Задержав дыхание, она попыталась ухватить кончик нити.
Я должна набраться терпения. Точно так же, как археология научила меня, что проникнуть сквозь все наслоения истории можно только с помощью энергии и кротости. Без спешки.
Луиза покинула квартиру поздно вечером. Поселилась в другой гостинице. Позвонила Артуру, сказала, что скоро вернется. Потом нашла визитную карточку Ёрана Вреде и набрала номер его домашнего телефона. Он ответил заспанным голосом. Они договорились, что завтра в девять утра она придет к нему в офис.
Опустошив несколько бутылочек со спиртным из мини-бара, Луиза заснула и очнулась от беспокойного сна в час или два пополуночи.
Остаток ночи она провела без сна. Черепки по-прежнему молчали.
6
Ёран Вреде встретил ее у входа в полицейское управление. От него пахло табаком, по дороге в свой кабинет он рассказал ей, что когда-то в юности мечтал искать кости. Луиза не сразу сообразила, что он имеет в виду, и, только когда они уселись за его заваленный бумагами письменный стол, последовало объяснение. В школьные годы он находился под большим впечатлением от семейства Лики, которое искало окаменелые человеческие останки и в Великом рифте в Восточной Африке нашло-таки искомые окаменелости — пусть не людей, но, по крайней мере, гоминидов.

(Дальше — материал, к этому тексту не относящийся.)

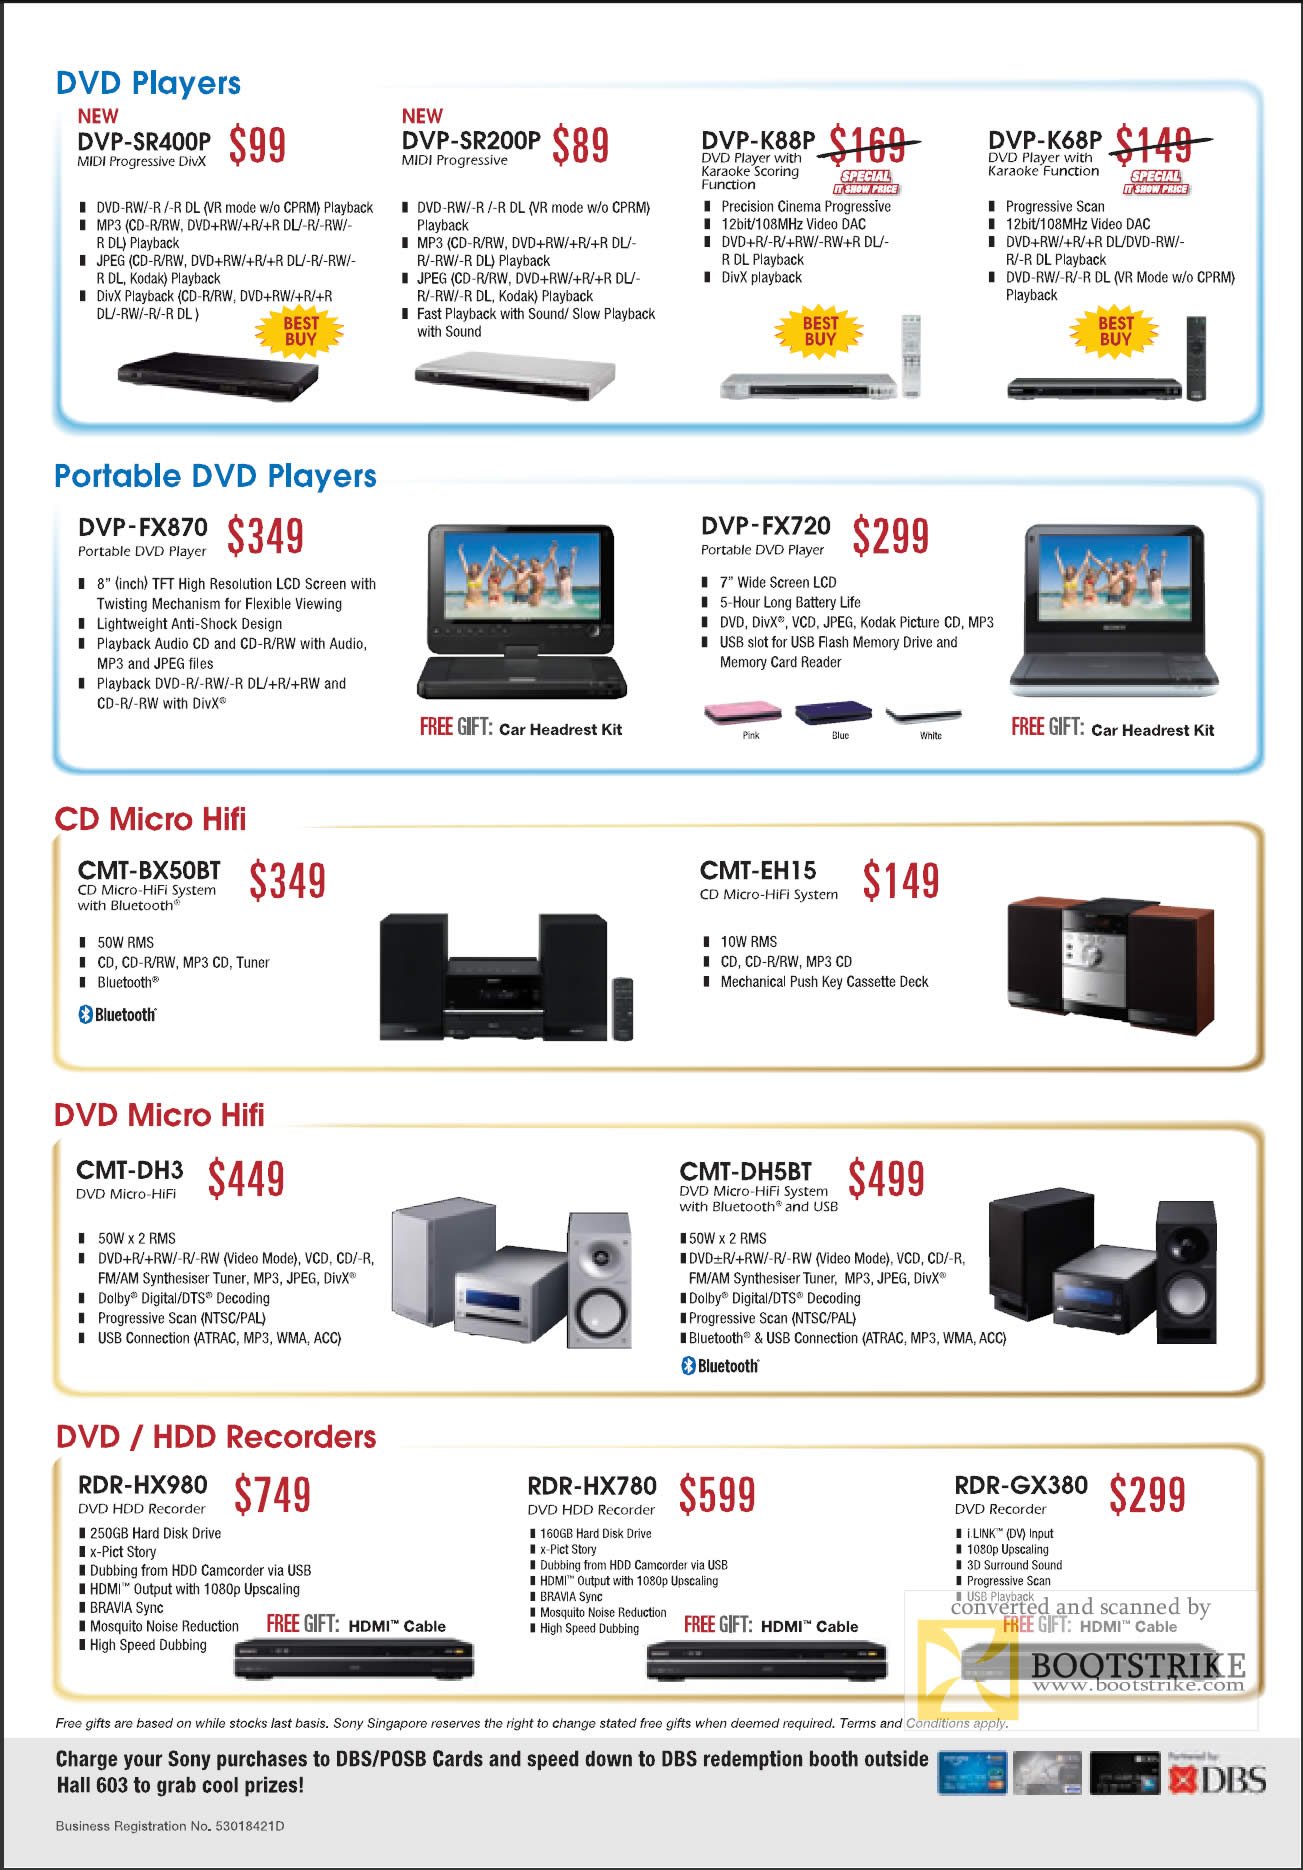 IT Show 2009 price list image brochure of Sony CD DVD Recorders Players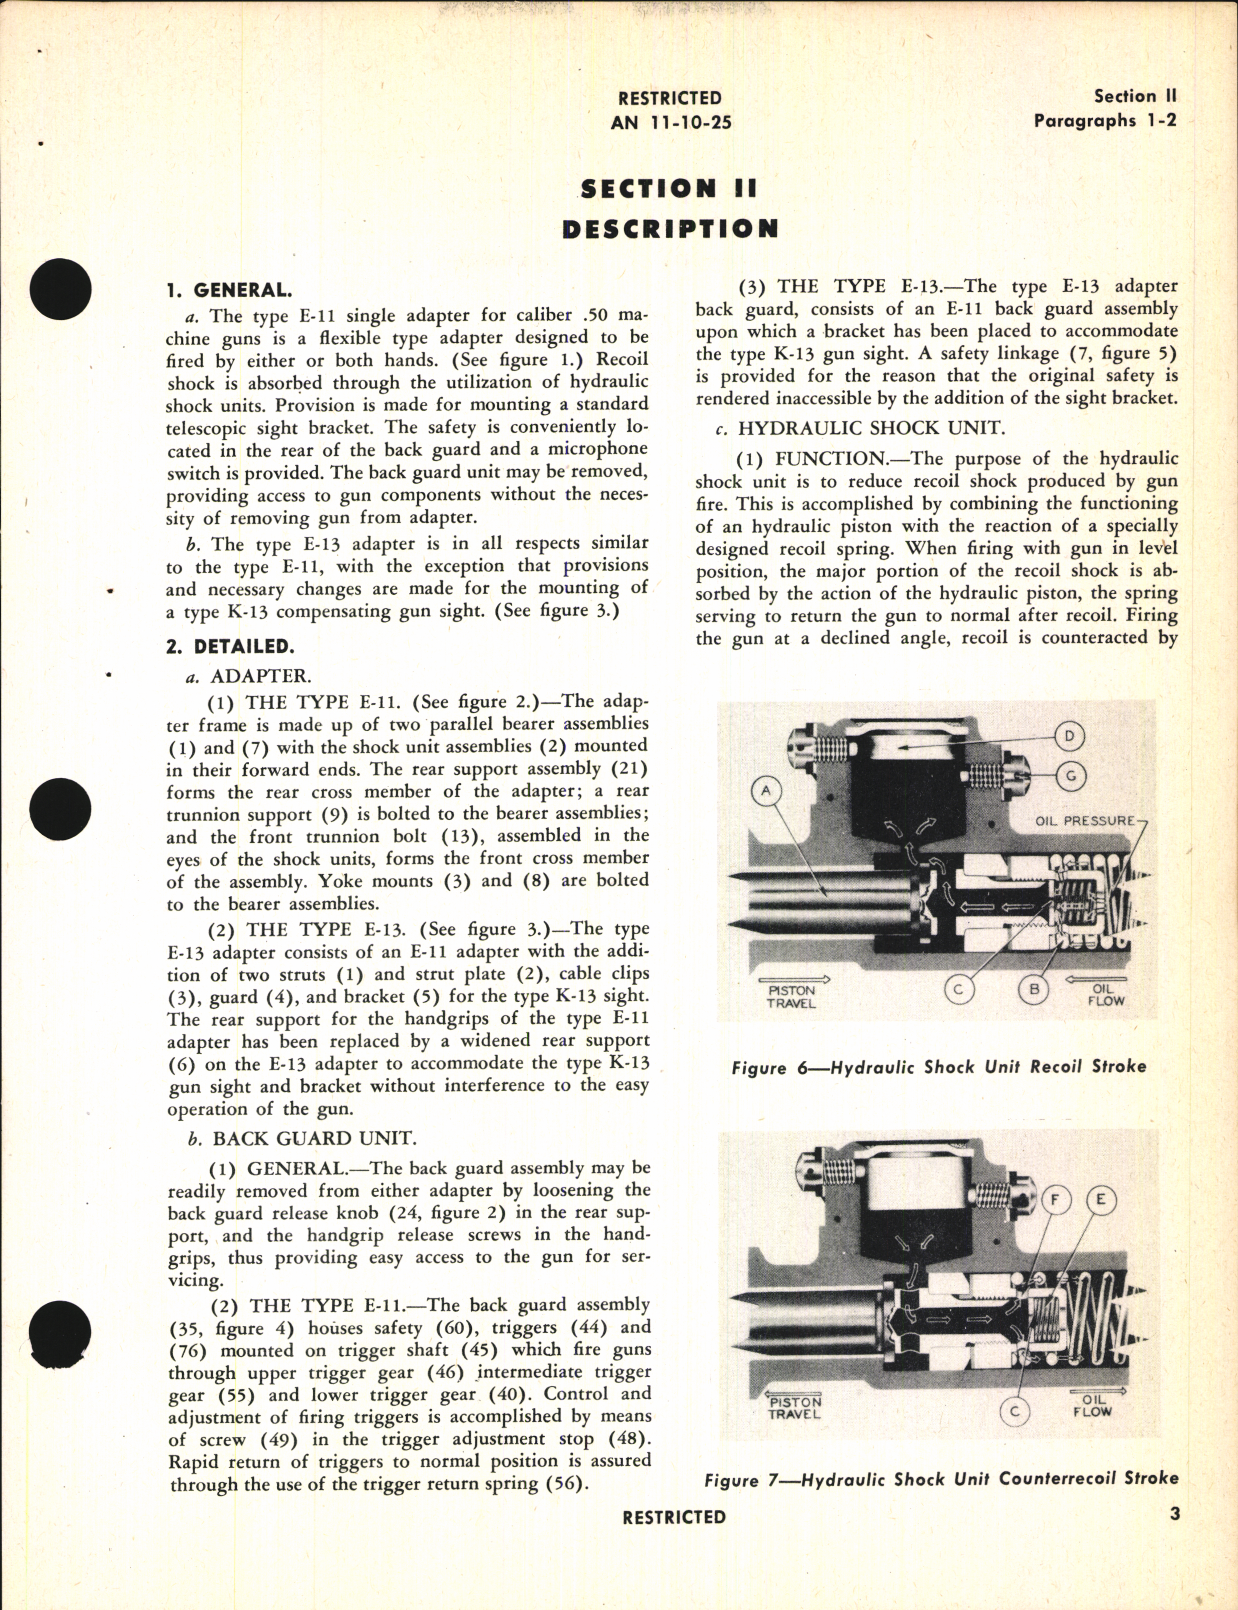 Sample page 7 from AirCorps Library document: Handbook of Instructions with Parts Catalog for Single Adapters for Caliber .50 Machine Guns

Ёран Вреде отодвинул в сторону кипу бумаг и нажал кнопку блокирования телефона.
— Я мечтал об этом. В глубине души знал, что стану полицейским. Но мечтал найти то, что называли тогда «недостающим звеном». Когда обезьяна стала человеком? Или, может, лучше сказать: когда человек перестал быть обезьяной? Иной раз, когда у меня выпадает свободный часок, я читаю об изысканиях последних лет. Но все яснее и яснее осознаю, что единственные недостающие звенья найду лишь в моей работе.
Он оборвал себя, словно по ошибке раскрыл какую-то тайну. Луиза смотрела на него с легкой грустью. Перед ней сидел человек с неосуществившейся мечтой. Мир полон таких вот людей среднего возраста, как Ёран Вреде. Мечта в конце концов превращается в слабое отражение того, что когда-то было пылкой страстью.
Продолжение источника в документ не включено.